Plaintiff instituted this tax refund case, seeking to recover $418.38 paid in partial satisfaction of assessments for federal taxes relating to income withholding, social security and unemployment. Defendant, in turn, by counterclaim, seeks to recover $119,-588.95 of such taxes plus interest and penalties. All of the taxes relate to the calendar years 1967, 1968 and 1969. Trial has been held and memoranda and oral argument have been presented as to (a) whether any such taxes are due and owing by plaintiff for those years, and if so, (b) whether or not penalties as well as taxes and interest should be assessed. 1

I

The crux of this case is whether plaintiff’s solicitors were employees or independent contractors. The Federal Insurance *93 Contributions Act, 26 U.S.C. §§ 3101-3126, provides in part with regard to old-age, survivors and disability insurance (section 3101(a)) that a certain tax is “imposed on the income of every individual * * * received by him with respect to employment (as defined in section 3121(b))”; and with regard to hospital insurance (section 3101(b)) that a certain tax is “imposed on the income of every individual * * * received by him with respect to employment (as defined in section 3121(b)), * *.” Section 3102(a) states that “[t]he tax imposed by section 3101 shall be collected by the employer of the taxpayer, by deducting the amount of the tax from the wages as and when paid.” Section 3111(a) provides that as to old age, survivors and disability insurance, “there is hereby imposed on every employer an excise tax, with respect to having individuals in his employ, equal to the following percentages of the wages (as defined in section 3121(a)) paid by him with respect to employment (as defined in section 3121(b)).” Section 3111(b) states that as to hospital insurance, “there is hereby imposed on every employer an excise tax, with respect to having individuals in his employ, equal to the following percentages of the wages (as defined in section 3121(a)) paid by him with respect to employment (as defined in section 3121(b)), * * *.” Section 3121 provides in part:

Definitions
(a) Wages. — For purposes of this chapter, the term “wages” means all remuneration for employment, including the cash« value of all remuneration paid in any medium other than cash * * *.
(b) Employment. — For purposes of this chapter, the term “employment” means any service, of whatever nature, performed * * * either (A) by an employee for the person employing him
******
(d) Employee. — For purposes of this chapter, the term “employee” means— ******
(2) any individual who, under the usual common iaw rules applicable in determining the employer-employee relationship, has the status of an employee; QJ, * * t

The Federal Unemployment Tax Act, 26 U.S.C. §§ 3301-3311, provides in part that “[t]here is hereby imposed on every employer (as defined in section 3306(a)) * * * an excise tax, with respect to having individuals in his employ, equal to 3.1 percent of the total wages (as defined in section 3306(b)) paid by him during the calendar year with respect to employment (as defined in section 3306(c)) * * *.” Section 3306, prior to amendment on August 10, 1970, provided in part:

Definitions
******
(b) Wages. — For purposes of this chapter, the term “wages” means all remuneration for employment, including the cash value of all remuneration paid in any medium other than cash * * *.
(c) Employment. — -For purposes of this chapter, the term “employment” means * * * any service, of whatever nature, performed * * * by an employee for the person employing him * * *.
******
(i) Employee. — For purposes of this chapter, the term “employee” includes an officer of a corporation, but such term does not include—
(1) any individual who, under the usual common law rules applicable in determining the employer-employee relationship, has the status of an independent contractor, or
(2) any individual (except an officer of a corporation) who is not an employee under such common law rules.
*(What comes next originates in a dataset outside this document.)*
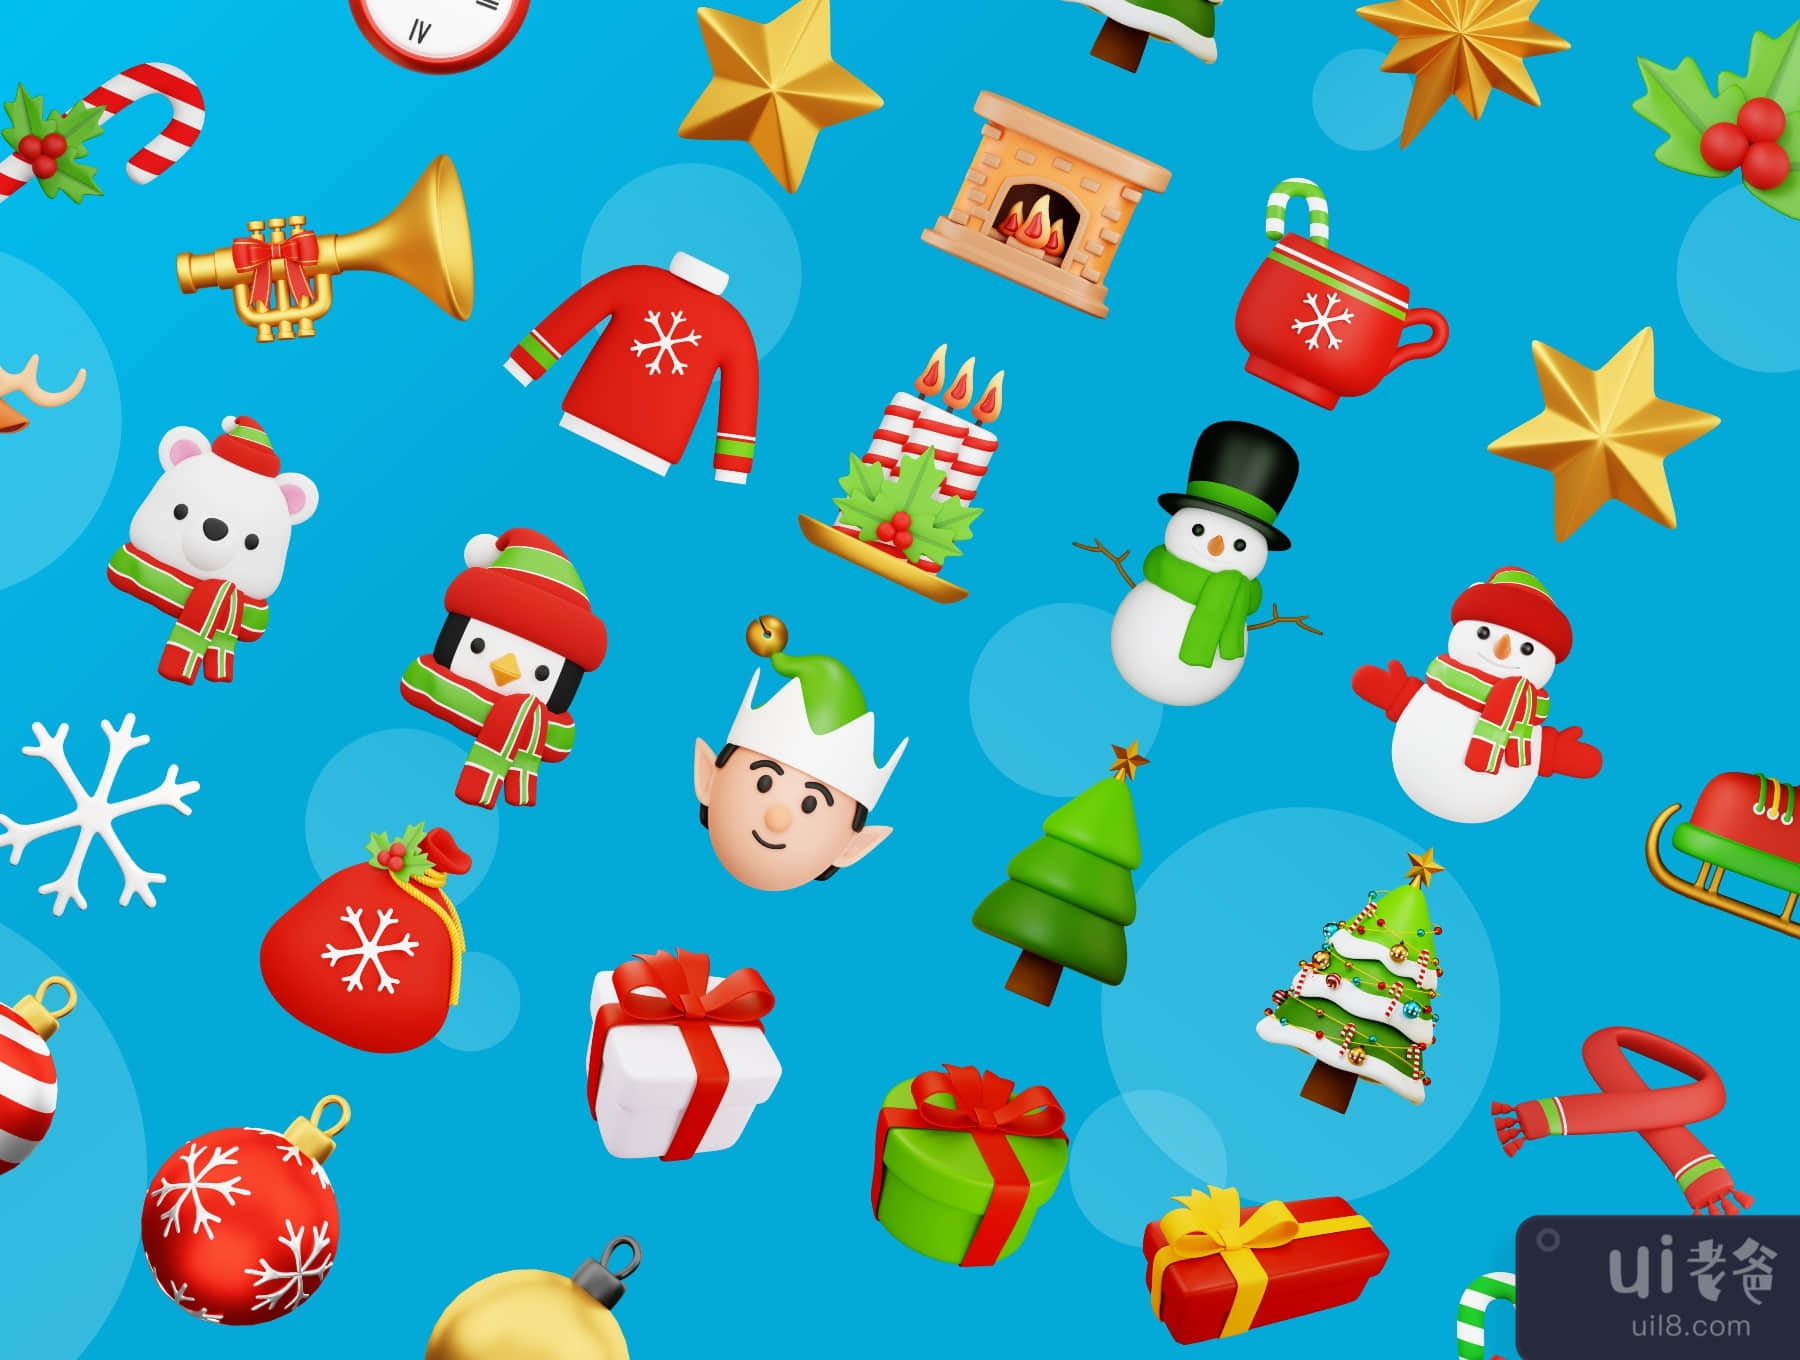 圣诞节3D图标插图 (Christmas 3D Icon Illustrations)插图7

As a result of the 1970 amendment, section 3306(i) adopts the language of section 3121(d) set forth above.

26 U.S.C. 3401 provides in part, with respect to collection of income tax at source on wages:

Definitions
(a) Wages. — For purposes of this chapter, the term “wages” means all remuner *94 ation (other than fees paid to a public official) for services performed by an employee for his employer, including the cash value of all remuneration paid in any medium other than cash * * *.
(c) Employee. — For purposes of this chapter, the term “employee” includes an officer, employee, or elected official of the United States, a State, 2 or any political subdivision thereof, or the District of Columbia, or any agency or instrumentality of any one or more of the foregoing. The term “employee” also includes an officer of a corporation.

Section 3402(a) provides with regard to income tax collected at source that “[ejvery employer making payment of wages shall deduct and withhold upon such wages * * a tax determined in accordance with tables prescribed by the Secretary.” 3

Each of those statutes relating to federal withholding, social security and unemployment taxes defines “employee” in substantially identical terms and all are based upon the common law. Avis Rent A Car System, Inc. v. United States, 503 F.2d 423, 428 n.2 (2d Cir. 1974). 4 Many factors enter into that common law definition including “degrees of control, opportunities for profit or loss, investment in facilities, permanency of relation and skill required * * *.” United States v. Silk, 331 U.S. 704, 716, 67 S.Ct. 1463, 1469, 91 L.Ed. 1757 (1947). In the same year as Silk was decided, Mr. Justice Reed, in Bartels v. Birmingham, 332 U.S. 126, 67 S.Ct. 1547, 91 L.Ed.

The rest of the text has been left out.